The official death toll so far stands at six dead with several dozen others missing. Tens of thousands of people remain in shelters.
Insurance claims in Tabasco alone are expected to reach nearly $700 million, the Mexican Insurance Industry Association said Friday. But the actual damage toll is expected to run far higher because many of the region's poor residents carry no property insurance.
Government and industry officials say that nearly all of Tabasco's agriculture — upon which a third of the state's 2 million people depend — has been destroyed. Tabasco is a major source of beef, seafood and tropical fruit in Mexico.
The Grijalva and Usumacinta rivers, which join in Tabasco before emptying into the lower Gulf of Mexico, constitute Mexico's most important watershed. Rising in the rain forests and mountains of Chiapas, both rivers tumble sharply down to sea level in Tabasco, which is effectively one vast flood plain.
Tony Garza, the U.S. ambassador to Mexico, toured Tabasco Friday accompanied by his wife, the heiress to the Corona beer fortune and Latin America's wealthiest woman, as well American Red Cross President Mark Everson.

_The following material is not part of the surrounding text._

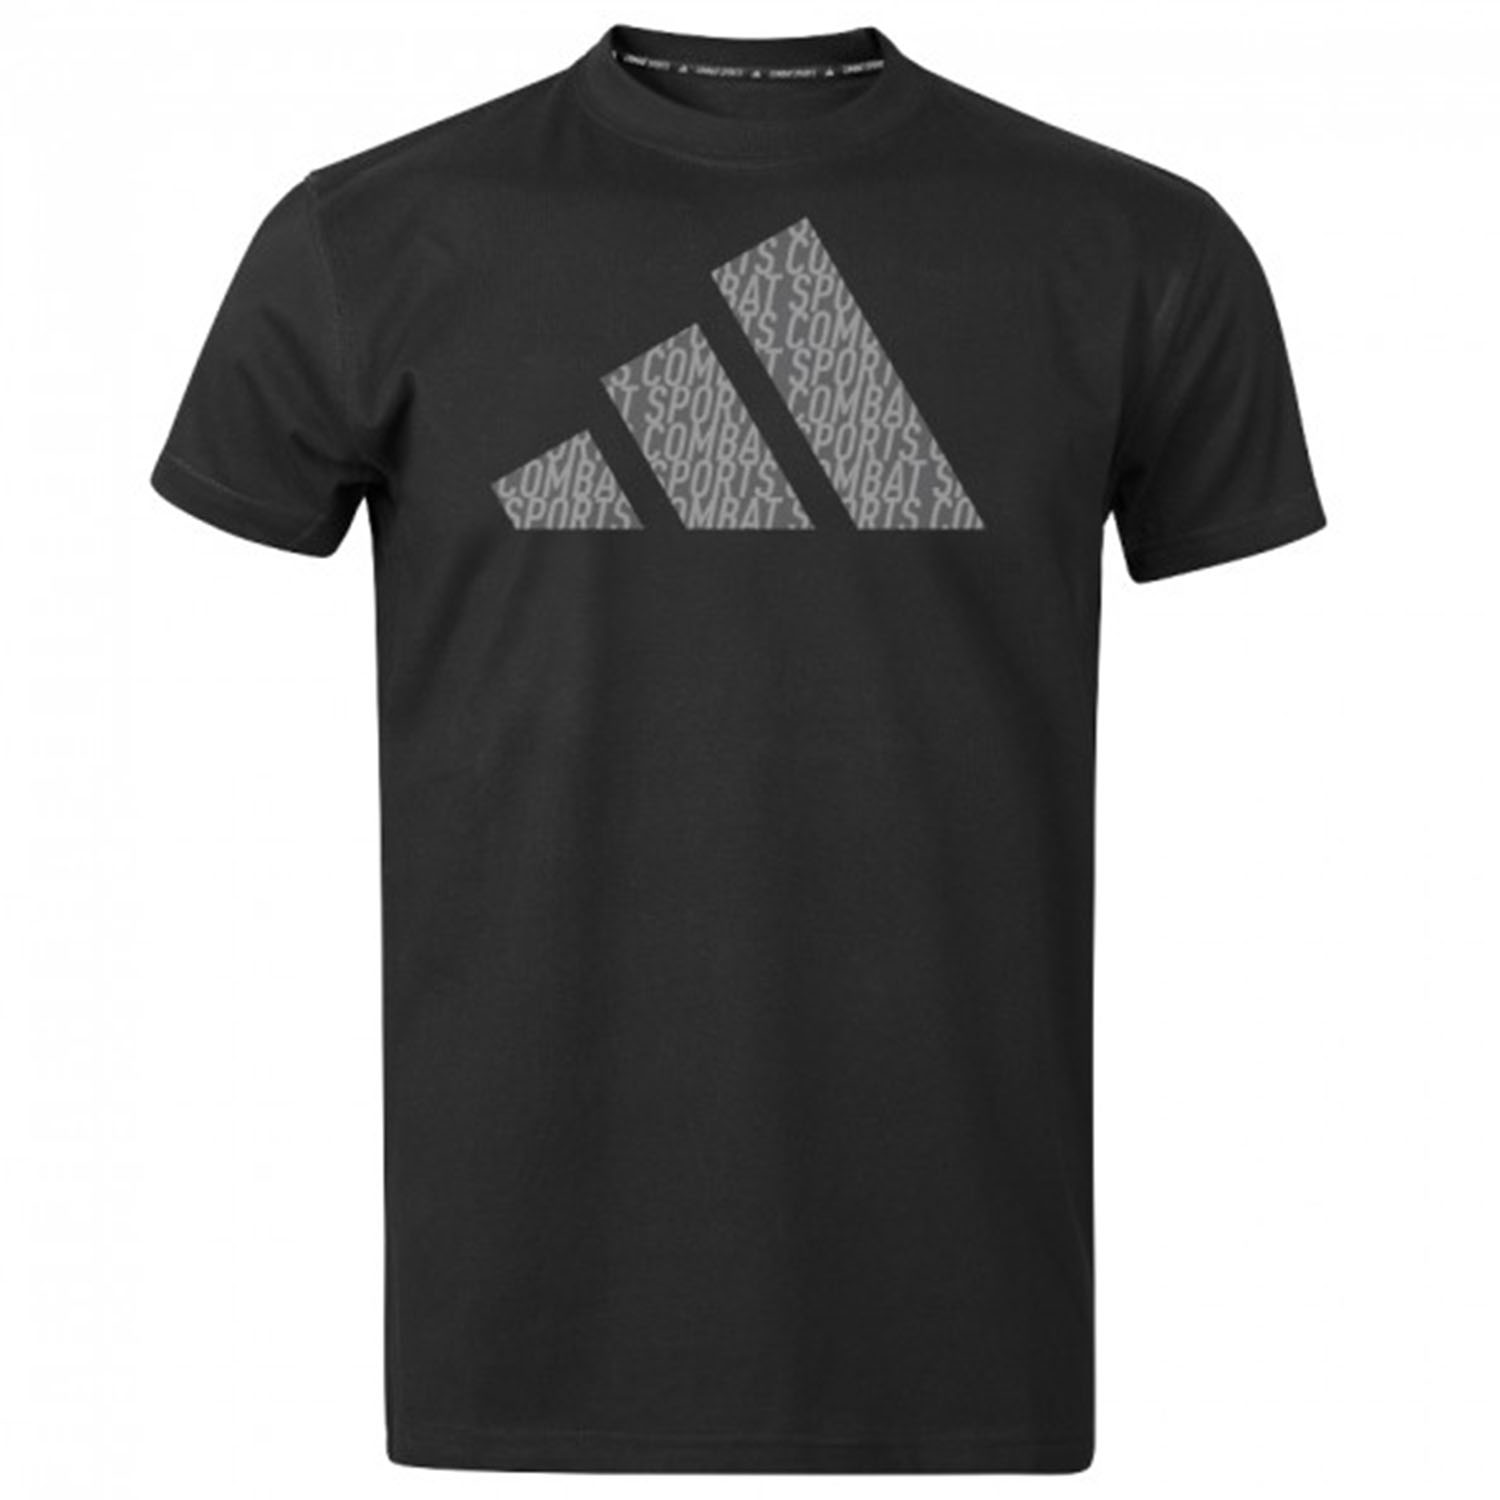 adidas T-Shirt, Perfo Script Graphic Combat Sports, black, M

"The strength of the Mexican people in the face of a disaster of this magnitude is a tribute to the human spirit," Garza said. "While visiting communities struggling under flood waters, or those displaced by the deluge, I was impressed by the way people pulled together to hasten their own recovery from this disaster."
The Bush administration has contributed $420,000 for disaster relief so far, Garza said. Private and corporate U.S. aid has been donated as well. Calderon praised the foreign help, which has included a 54-member medical team from Cuba.
"Together we will rebuild and pull Tabasco forward," Calderon said.